То пиво — за мой счет…

— Тоже не пойдет, — мотнул головой Федоров.

Сыграю в кости я с апостолом Петром!

— И Леонорой Кристин называть не стану, — продолжал инженер. — Никаких таких символов… Пусть будет сама по себе.

Хор пошел вокруг него хороводом, продолжая самозабвенно распевать:

Удастся выпить ли на небе — вот вопрос?

Удастся выпить ли на небе — вот вопрос?

Так пей, пока мы тут,

Так пей, пока дают!

Удастся выпить ли на небе — вот вопрос?

Чидамбаран и Фоксе-Джемисон, казалось, придавлены громоздкой аппаратурой.
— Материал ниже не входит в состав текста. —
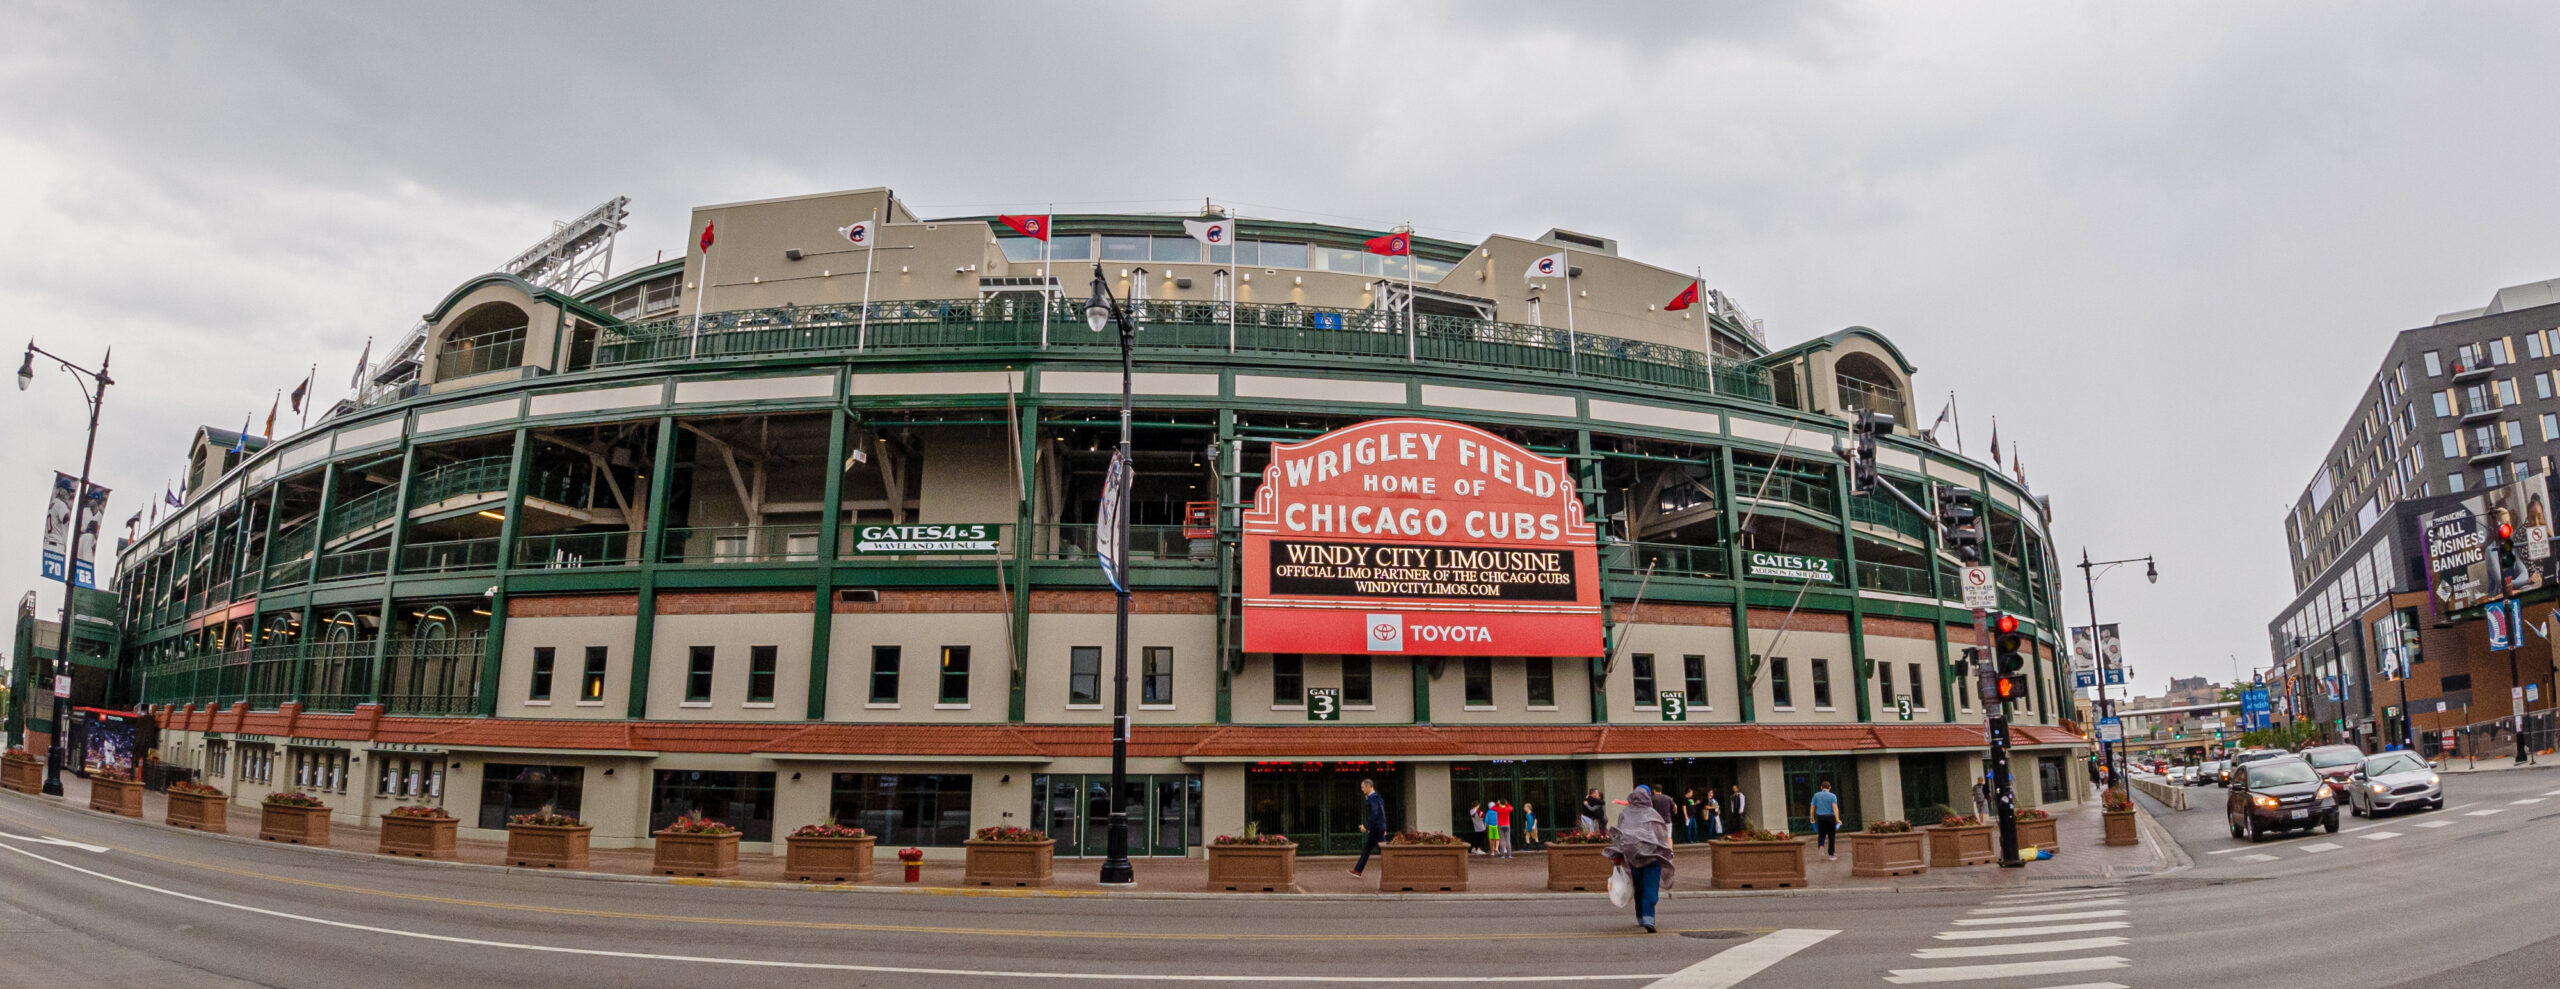 Wrigley Field Bag Policy Everything You Need to Know The Stadiums Guide
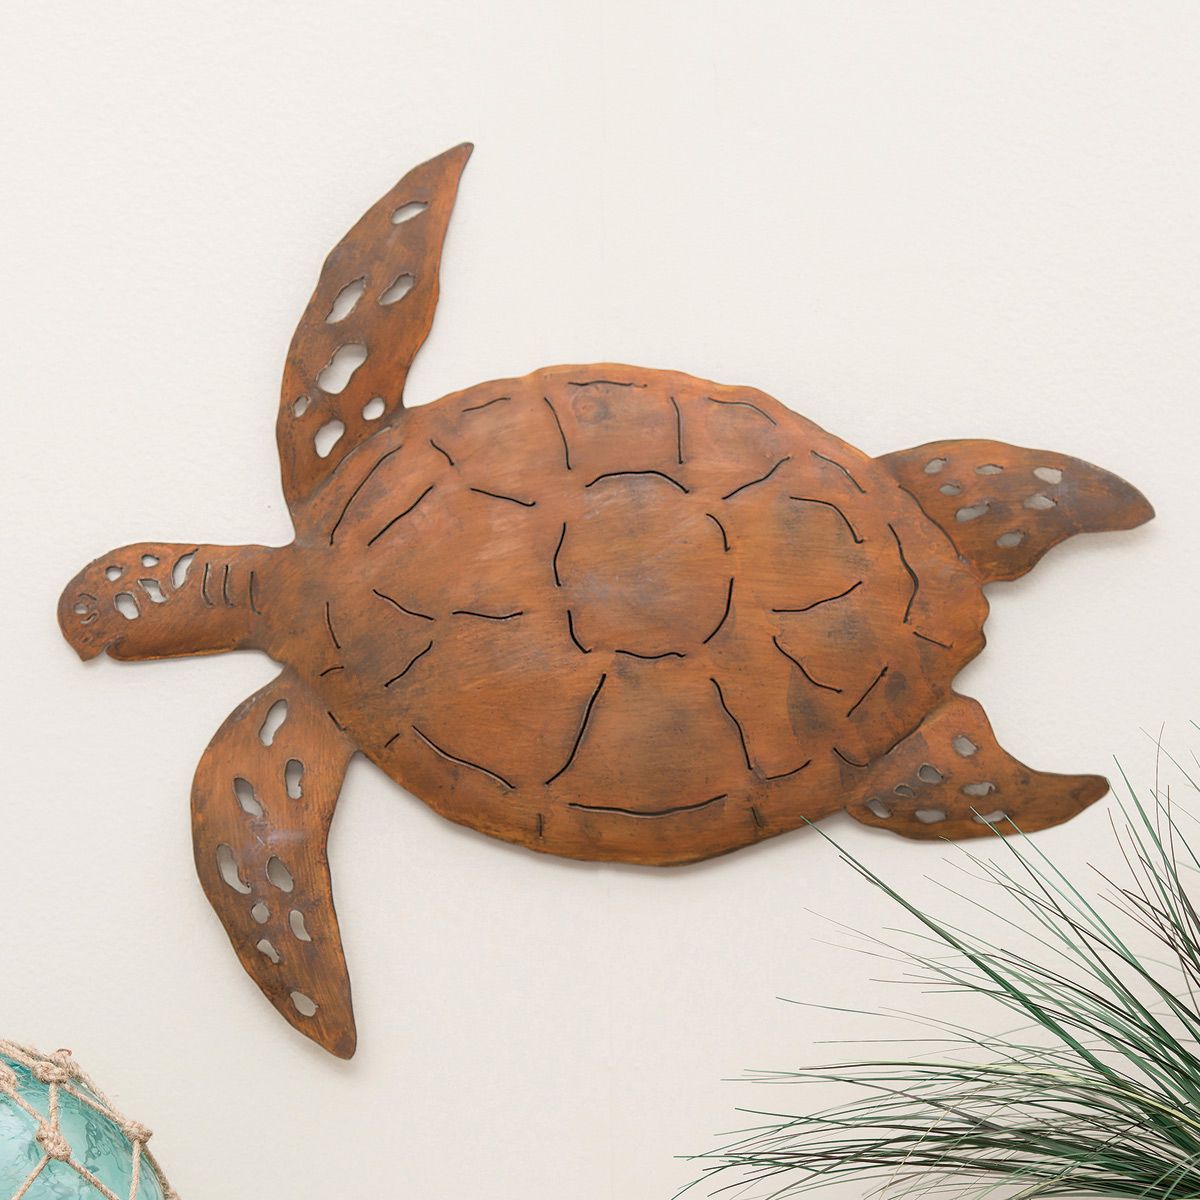 Beach Wall Art: Large Oxidized Metal Sea Turtle Wall Art For Best And Newest Ocean Metal Wall Art (View 9 of 20)

Они совершенно потерялись среди приборов, на разные лады мигавших разноцветными лампочками пультов и экранов. Оба встали, как только вошел капитан Теландер.

— Вы просили меня прийти? — спросил он равнодушно. — Какие новости? Последний месяц прошел относительно спокойно…

— Покою конец! — взволнованно воскликнул Фоксе-Джемисон. — Элоф сам пошел за Ингрид Линдгрен. Простите, что не сходили за вами, сэр. Изображение слабое и может исчезнуть в любое мгновение, надо все время следить. И вы должны первым узнать об этом.

Он вернулся на свое место у пульта. На экране чернела пустота.

— Что вы обнаружили? — спросил Теландер, подойдя поближе к экрану.

Чидамбаран взял его под руку и показал на экран.

— Вон там. Видите?

Еле заметное глазу пятнышко мерцало посередине.

— Естественно, до него еще очень далеко, — нарушил молчание Джемисон. — И дистанцию надо будет сохранять.

— Что это? — испуганно спросил Теландер.

— Зародыш моноблока, — ответил Чидамбаран. — Новое начало.

Теландер стоял и стоял и смотрел на экран, пока не опустился на колени. По лицу его стекали слезы.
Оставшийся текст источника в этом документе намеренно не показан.